(TASK TO COMPLETE)
From the data underneath, reproduce exactly the stretch that begins at the line with "Highly Important Unmounted" and ends after the line with "18564- PAP TSC".

(Source data)
= Beginning of Section =

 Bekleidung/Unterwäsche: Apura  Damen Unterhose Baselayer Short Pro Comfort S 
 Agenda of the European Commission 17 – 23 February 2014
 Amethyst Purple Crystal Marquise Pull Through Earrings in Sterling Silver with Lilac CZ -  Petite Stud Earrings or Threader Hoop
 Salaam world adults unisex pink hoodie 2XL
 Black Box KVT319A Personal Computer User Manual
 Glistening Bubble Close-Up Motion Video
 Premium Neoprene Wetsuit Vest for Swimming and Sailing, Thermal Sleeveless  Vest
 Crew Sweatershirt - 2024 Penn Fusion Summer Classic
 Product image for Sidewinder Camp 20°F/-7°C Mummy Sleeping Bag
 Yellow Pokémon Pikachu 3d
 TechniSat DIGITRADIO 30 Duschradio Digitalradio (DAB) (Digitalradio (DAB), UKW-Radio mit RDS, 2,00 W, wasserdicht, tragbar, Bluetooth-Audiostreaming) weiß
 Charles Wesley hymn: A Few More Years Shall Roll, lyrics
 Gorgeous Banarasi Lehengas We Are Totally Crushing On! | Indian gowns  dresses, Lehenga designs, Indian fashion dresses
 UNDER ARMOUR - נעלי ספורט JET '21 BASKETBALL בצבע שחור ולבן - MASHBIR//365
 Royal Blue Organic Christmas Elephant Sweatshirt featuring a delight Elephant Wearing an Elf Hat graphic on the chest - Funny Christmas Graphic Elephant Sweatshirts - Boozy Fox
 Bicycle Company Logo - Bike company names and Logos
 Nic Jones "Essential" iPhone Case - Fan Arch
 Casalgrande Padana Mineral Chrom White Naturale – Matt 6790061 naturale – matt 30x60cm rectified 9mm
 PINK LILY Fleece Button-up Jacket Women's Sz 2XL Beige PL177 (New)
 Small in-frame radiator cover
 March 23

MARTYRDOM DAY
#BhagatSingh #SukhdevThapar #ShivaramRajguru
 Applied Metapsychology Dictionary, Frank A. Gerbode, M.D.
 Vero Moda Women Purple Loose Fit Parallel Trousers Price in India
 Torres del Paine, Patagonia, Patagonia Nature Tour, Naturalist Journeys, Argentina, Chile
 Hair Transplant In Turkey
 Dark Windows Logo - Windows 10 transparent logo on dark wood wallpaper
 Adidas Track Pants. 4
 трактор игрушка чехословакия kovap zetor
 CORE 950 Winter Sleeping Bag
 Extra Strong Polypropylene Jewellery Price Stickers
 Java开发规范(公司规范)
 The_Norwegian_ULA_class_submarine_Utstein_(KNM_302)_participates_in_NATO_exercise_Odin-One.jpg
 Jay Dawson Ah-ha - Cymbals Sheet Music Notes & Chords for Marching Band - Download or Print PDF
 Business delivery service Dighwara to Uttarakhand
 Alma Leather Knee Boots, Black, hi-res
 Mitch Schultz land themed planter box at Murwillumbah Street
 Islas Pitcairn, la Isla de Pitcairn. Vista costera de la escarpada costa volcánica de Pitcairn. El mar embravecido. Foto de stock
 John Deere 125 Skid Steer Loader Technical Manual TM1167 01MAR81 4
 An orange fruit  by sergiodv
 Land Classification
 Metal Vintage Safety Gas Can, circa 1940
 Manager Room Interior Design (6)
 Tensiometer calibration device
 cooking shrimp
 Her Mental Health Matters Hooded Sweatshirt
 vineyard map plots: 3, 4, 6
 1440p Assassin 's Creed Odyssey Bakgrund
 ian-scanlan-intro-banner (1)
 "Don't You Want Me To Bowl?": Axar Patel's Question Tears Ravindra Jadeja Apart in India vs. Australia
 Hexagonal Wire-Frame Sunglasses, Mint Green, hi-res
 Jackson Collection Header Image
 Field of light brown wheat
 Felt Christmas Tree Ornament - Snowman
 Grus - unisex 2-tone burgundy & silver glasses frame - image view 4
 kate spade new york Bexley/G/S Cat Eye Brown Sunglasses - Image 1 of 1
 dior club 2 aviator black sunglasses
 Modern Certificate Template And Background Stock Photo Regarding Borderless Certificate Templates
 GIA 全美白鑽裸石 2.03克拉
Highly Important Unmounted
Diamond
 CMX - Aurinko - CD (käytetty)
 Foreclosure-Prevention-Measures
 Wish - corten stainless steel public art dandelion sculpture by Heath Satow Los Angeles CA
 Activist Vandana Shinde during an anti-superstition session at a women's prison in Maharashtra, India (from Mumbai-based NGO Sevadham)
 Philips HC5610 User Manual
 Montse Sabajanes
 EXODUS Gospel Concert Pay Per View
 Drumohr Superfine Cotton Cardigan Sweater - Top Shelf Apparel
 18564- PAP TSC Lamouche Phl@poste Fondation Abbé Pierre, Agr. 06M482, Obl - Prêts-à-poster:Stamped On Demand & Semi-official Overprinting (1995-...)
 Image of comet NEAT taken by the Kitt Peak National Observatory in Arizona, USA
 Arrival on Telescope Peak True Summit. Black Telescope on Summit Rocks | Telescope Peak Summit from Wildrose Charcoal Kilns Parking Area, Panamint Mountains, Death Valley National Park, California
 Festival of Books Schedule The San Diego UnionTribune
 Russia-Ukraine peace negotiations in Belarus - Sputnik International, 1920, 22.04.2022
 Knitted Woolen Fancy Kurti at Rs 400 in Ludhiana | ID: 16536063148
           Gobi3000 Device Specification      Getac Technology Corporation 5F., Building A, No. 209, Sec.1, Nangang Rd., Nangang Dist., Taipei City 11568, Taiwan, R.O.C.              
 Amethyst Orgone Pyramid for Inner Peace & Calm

= End of Section =

(SOLUTION FOR THIS TASK)
Highly Important Unmounted
Diamond
 CMX - Aurinko - CD (käytetty)
 Foreclosure-Prevention-Measures
 Wish - corten stainless steel public art dandelion sculpture by Heath Satow Los Angeles CA
 Activist Vandana Shinde during an anti-superstition session at a women's prison in Maharashtra, India (from Mumbai-based NGO Sevadham)
 Philips HC5610 User Manual
 Montse Sabajanes
 EXODUS Gospel Concert Pay Per View
 Drumohr Superfine Cotton Cardigan Sweater - Top Shelf Apparel
 18564- PAP TSC Lamouche Phl@poste Fondation Abbé Pierre, Agr. 06M482, Obl - Prêts-à-poster:Stamped On Demand & Semi-official Overprinting (1995-...)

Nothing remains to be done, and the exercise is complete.